KBRN, Yogyakarta : Kasubdit Rendiaga Ditsumdahan Kolonel Achmat Miftahudin, S.Sos., M.Si. dalam raker Pembinaan Sarana Prasarana Nasional untuk Komponen Pendukung Pertahanan Negara tahun 2019 menyampaikan, Sistem pertahanan negara Republik Indonesia sesuai UU no 3 tahun 2002 memiliki sistem pertahanan semesta melibatkan seluruh warga negara, wilayah dan sumber daya nasional serta dipersiapkan secara dini oleh pemerintah dan diselenggarakan total oleh seluruh elemen bangsa secara terpadu dan terarah, berlanjut untuk mendapatkan kedaulatan negara, keutuhan wilayah dan keselamatan segenap bangsa dari segala ancaman.

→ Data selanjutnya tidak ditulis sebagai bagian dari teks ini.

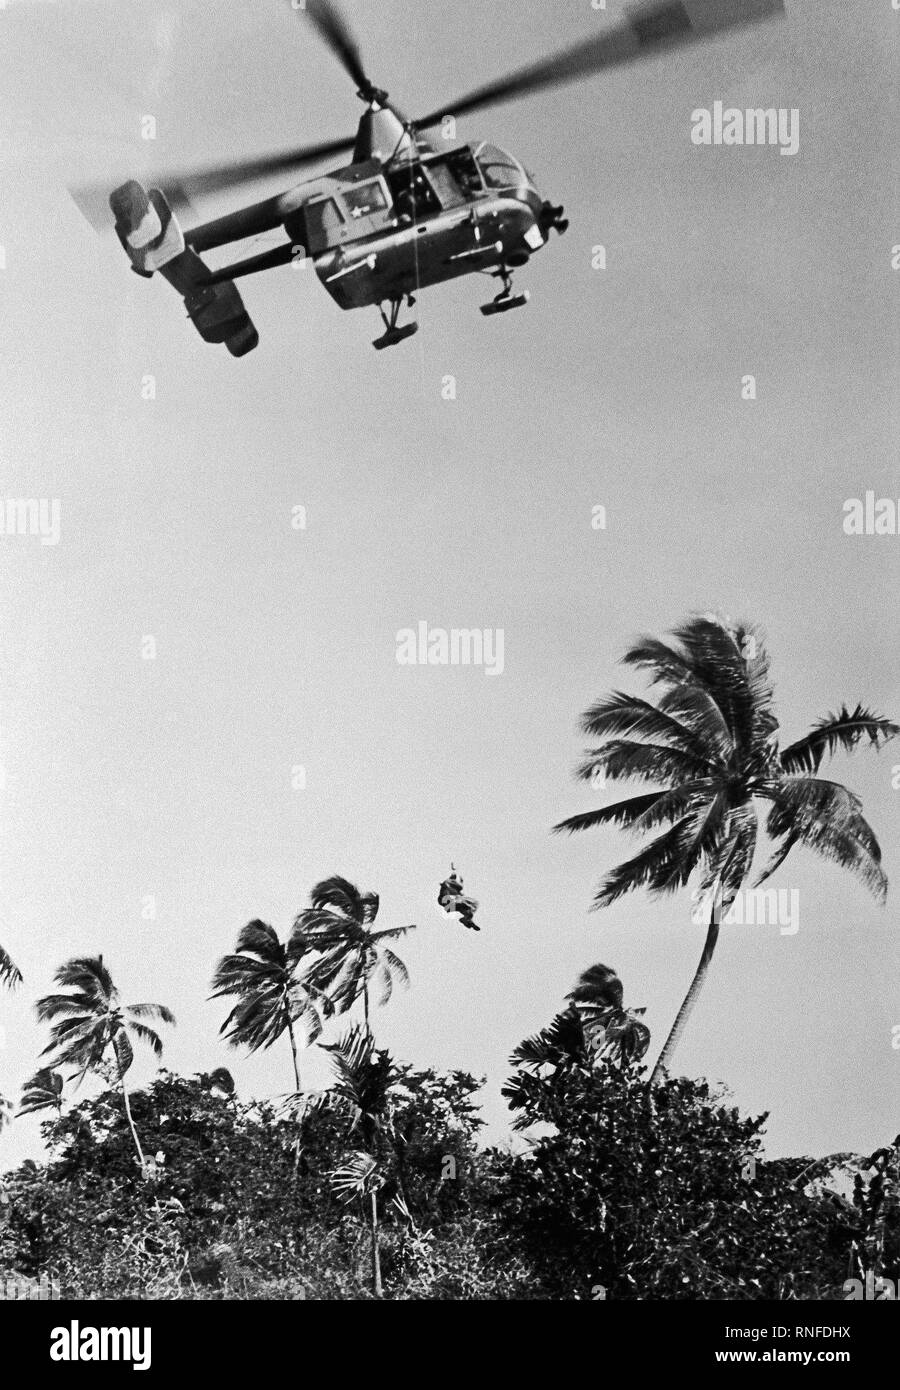 Ein Hubschrauber HH-43 Pedro (Huskie) wird verwendet, um einen abgestürzten Flieger aus einem feindlichen befallenen Dschungel in Südost-Asien zu retten. Stockfoto

Menurutnya, UU no 3 tahun 2002 dibuat seiring perkembangan dan tuntutan reformasi yang mengatur sistem pertahanan negara sesuai dengan landasan konstitusi UUD 1945 pasal 27 ayat (3), pasal 30 ayat (1) dan ayat (2).

Miftahudin menyebutkan, dalam sistem pertahanan negara yang melibatkan unsur lain di luar tentara harus memiliki regulasi yang mengaturnya, sehingga terdapat tiga komponen dalam sistem pertahanan negara yaitu Komponen Utama, Komponen Cadangan, Komponen Pendukung.

"Sistem pertahanan negara dalam menghadapi ancaman militer menempatkan TNI sebagai komponen utama dengan didukung komponen cadangan, dan komponen pendukung," katanya di Yogyakarta, Kamis (17/10/2019).

Miftahudin menjelaskan, komponen pendukung merupakan wadah warga negara dan pemanfaatan sumber daya alam, sumber daya buatan, serta sarana dan prasarana nasional dalam usaha pertahanan negara.

"komponen pendukung terdiri atas warga negara, sumber daya alam, sumber daya buatan, serta sarana dan prasarana nasional yang secara langsung atau tidak langsung dapat meningkatkan kekuatan dan kemampuan komponen utama dan komponen cadangan," jelasnya.

Miftahudin mengungkapkan, bahwa di Asia hanya Indonesia yang belum memiliki komponen cadangan, "Singapura itu seluruh warga negaranya adalah insan pertahanan dan keamanan negara, Malaysia sudah memiliki komponen cadangan yang lebih besar dibandingkan komponen cadangannya," ungkapnya.

sementara penataan komponen pendukung diterangkannya terdiri dari tahap penyiapan mulai pendataan, pemilahan, pemilihan, verifikasi dan tahap penetapan melalui sertifikasi.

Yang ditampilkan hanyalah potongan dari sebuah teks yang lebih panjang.